Il en résulte, second trait de l’originalité de Maupassant, que l’analyste n’est point l’auteur mais le personnage lui-même. Il demeure de bout en bout son propre témoin, et seul le résultat de son observation est confié au lecteur, comme une sorte de prélèvement opéré au plus vif de sa conscience. »
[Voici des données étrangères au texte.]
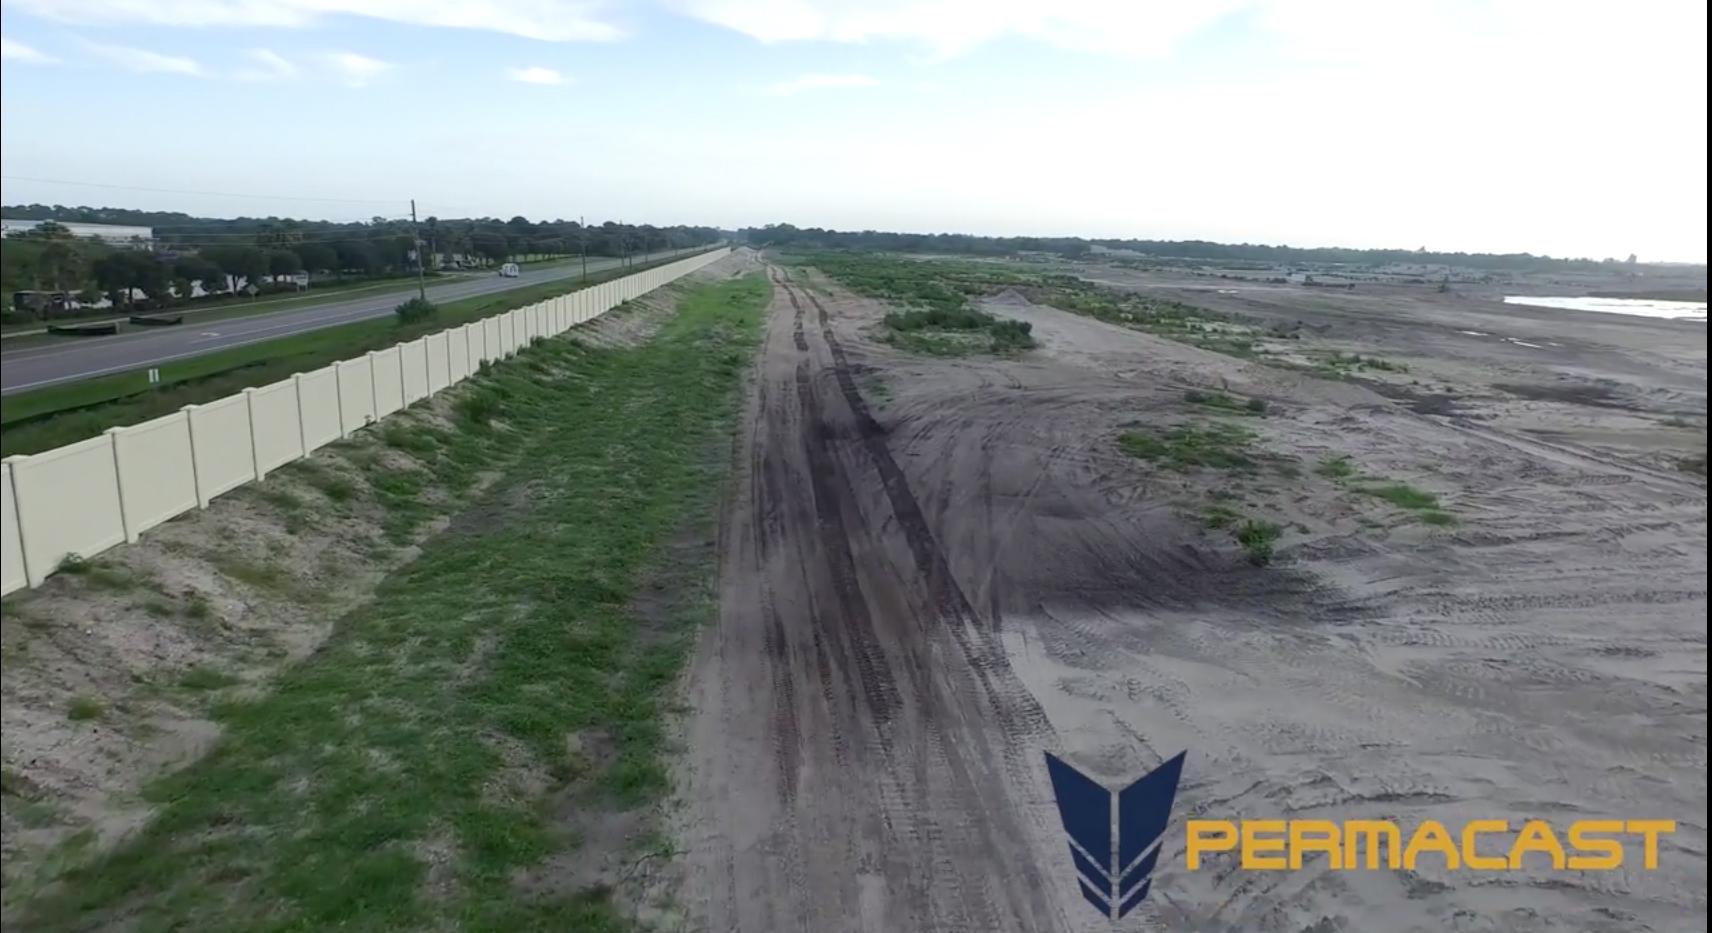 Florida precast concrete fencing project by Permacast

Maupassant et l’art du roman, Paris, Nizet, 1954, p. 404-405.

Jean-Louis Cabanès

« [Le discours ressassant], par définition, rabâche. La parole obsessionnelle s’apparente au dépli d’un paradigme : elle décline les mêmes phrases, les mêmes syntagmes. Par là même, à la construction en chapitres, au découpage traditionnel en scènes successives, le romancier oppose souvent la continuité d’un courant d’obsessions. Il confronte ce qui est de l’ordre du temps intérieur au temps chronologique mesuré notamment dans Pierre et Jean par la récurrence des scènes de repas ou par celle des promenades nocturnes. […] Ce pathétique du ressassement est rendu sensible par les effets mimétiques du style indirect libre. Jamais, comme dans Pierre et Jean, on n’avait suggéré avec autant de souplesse les mouvements de l’être intérieur. »

« Ressassement et progression narrative dans Pierre et Jean », Maupassant et l’écriture, actes du colloque de Fécamp, dir. Louis Forestier, Paris, Nathan, Écriture, 1993, p. 189.